Figure 2. Effect of ZmBSK1 on root growth of maize seeds under salt stress. (A) The expression levels of ZmBSK1 in OE-ZmBSK1 and wild type (WT) plants. The expression of ZmBSK1 was measured by qRT-PCR, and ZmActin2 served as an internal control. (B) The protein levels of ZmBSK1 in OE-ZmBSK1 and WT plants. Total proteins extracted from the leaves were used for immunoblotting with anti-Flag antibody. β-actin was used as a loading control. (C) The root growth phenotypes of OE-ZmBSK1 and WT maize seeds under salt stress. The maize seeds were spread on paper containing 200 mM NaCl for 4 days during germination. Scale bar = 1 cm. (D) Statistical analysis of root length in (C). Error bars in (A,D) represent ±SD (n = 3). Different letters indicate significant differences at p < 0.05 according to one-way or two-way ANOVA (Duncan’s multiple range test).

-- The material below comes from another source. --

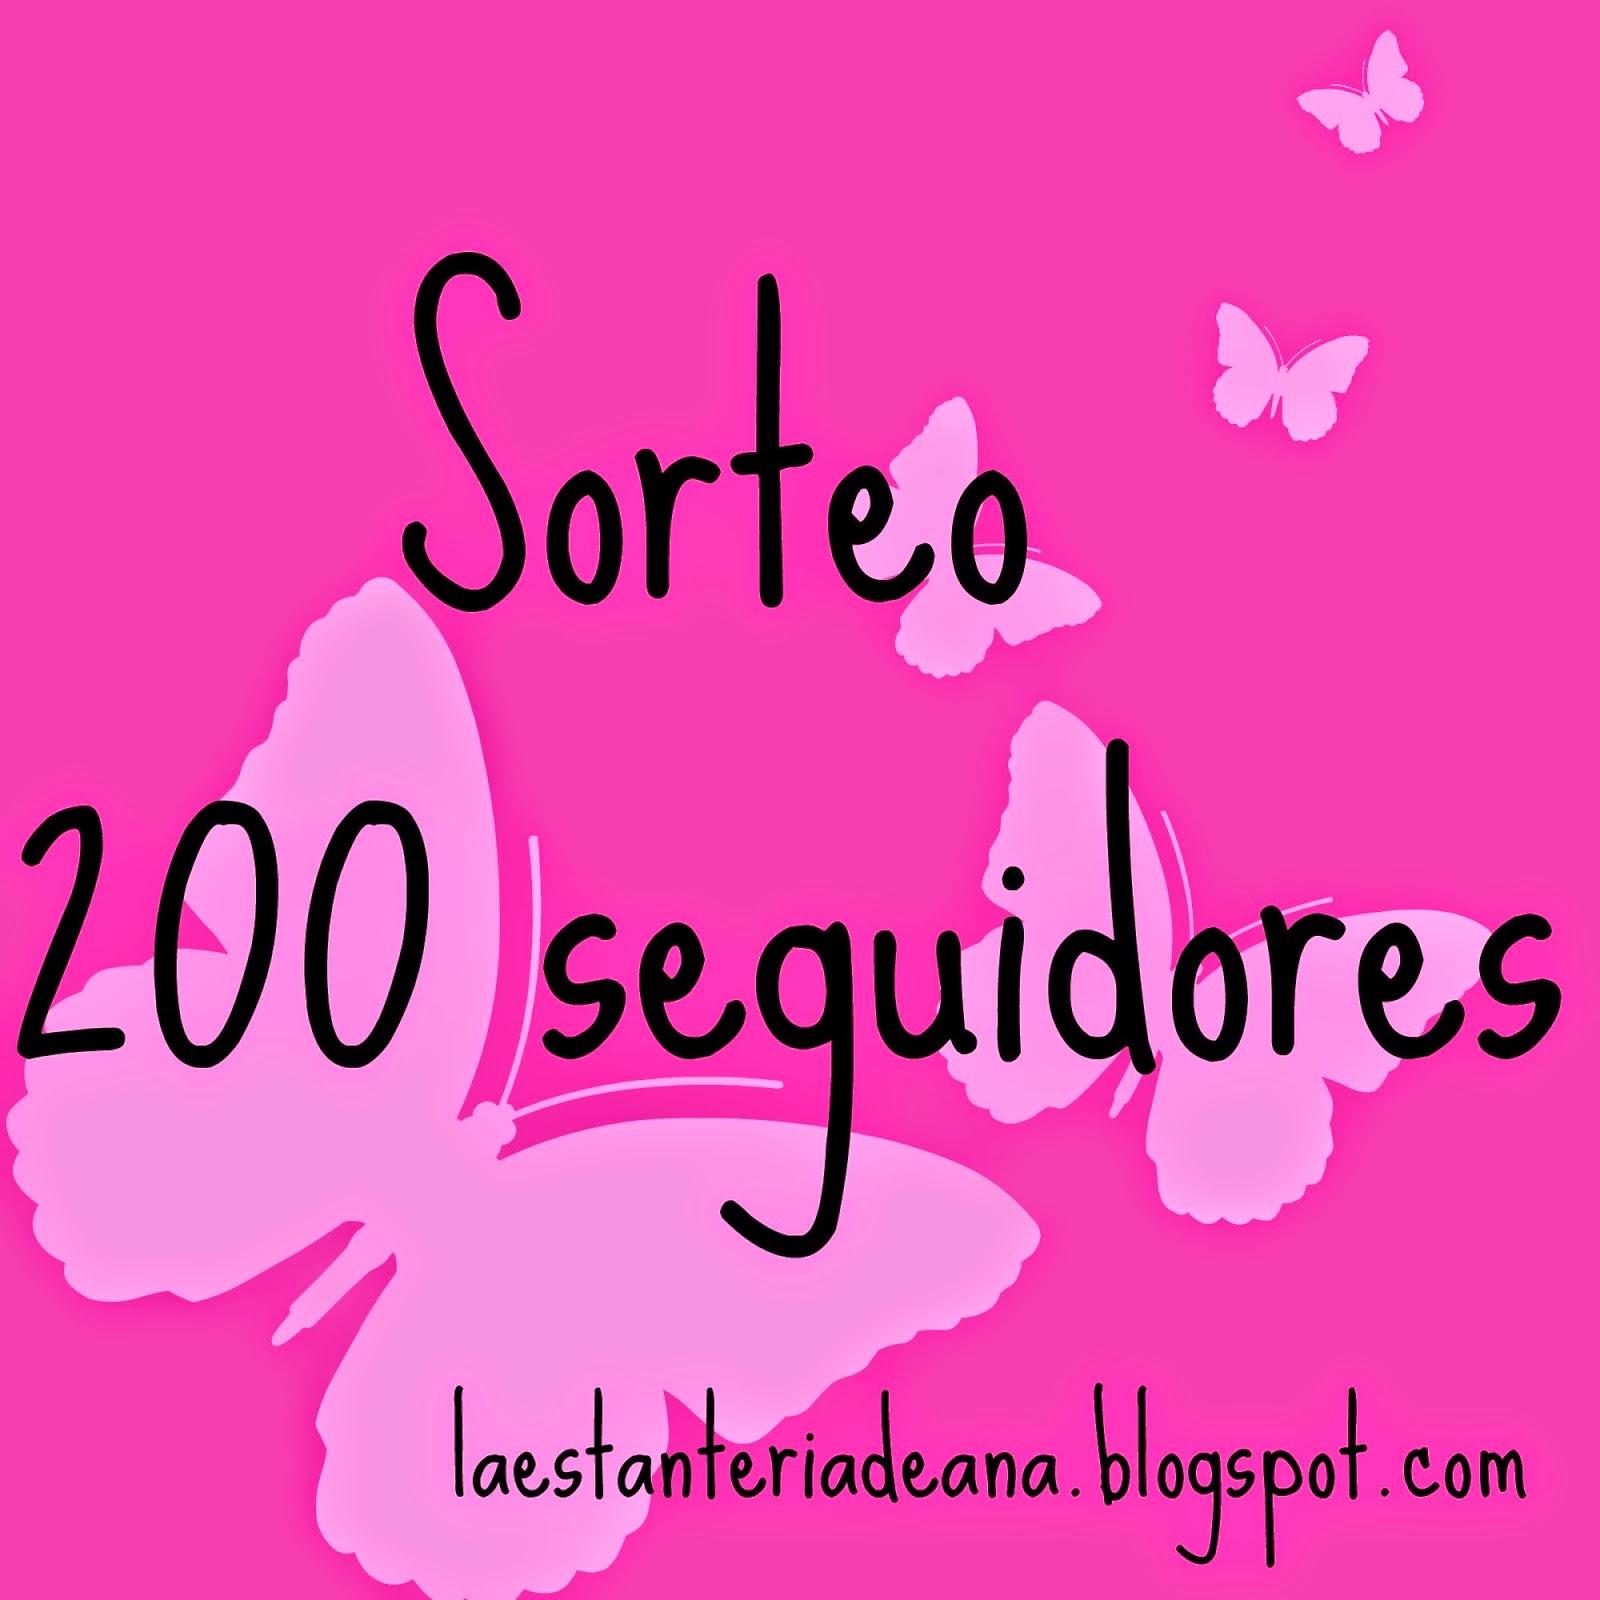 http://laestanteriadeana.blogspot.com.es/2014/10/sorteo-200-seguidores.html?showComment=1415654081846#c6337815936899077024

Figure 3. Overexpression of ZmBSK1 improves salt tolerance in maize. (A) The phenotypes of OE-ZmBSK1 and WT maize plants under salt stress. About 10-day-old maize seedlings were treated with 200 mM NaCl for 14 days, and then recovered for 5 days. Scale bar = 5 cm. (B) Survival rate (%) of maize plants in (A). At least 45 seedlings of each line per replicate were used for survival rate analysis. The malondialdehyde (MDA) content (C) and the percentage of electrolyte leakage (D) in leaves of OE-ZmBSK1 and WT maize plants under salt stress. About 10-day-old maize seedlings were treated with 200 mM NaCl for 2 days, and then the physiological indexes as indicated were measured. Error bars in (B–D) represent ±SD (n = 3). Different letters indicate significant differences at p < 0.05 according to one-way or two-way ANOVA (Duncan’s multiple range test).
Overexpression of ZmBSK1 Alleviates Oxidative Damage Caused by Salt Stress in Maize
The MDA content and the percentage of electrolyte leakage are two major indicators of oxidative damage in plants (Jiang and Zhang, 2002; Zhang et al., 2011). Thus, these two physiological indicators were also detected. As shown in Figures 3C,D, without NaCl treatment, no significant difference was observed in the MDA content and the percentage of electrolyte leakage between WT plants and transgenic lines. Salt stress caused marked increases in the MDA content and the percentage of electrolyte leakage in WT plants compared with control conditions, which were further alleviated in OE-ZmBSK1 transgenic lines. These results suggest that overexpression of ZmBSK1 can largely protect maize plants from oxidative damage under salt stress.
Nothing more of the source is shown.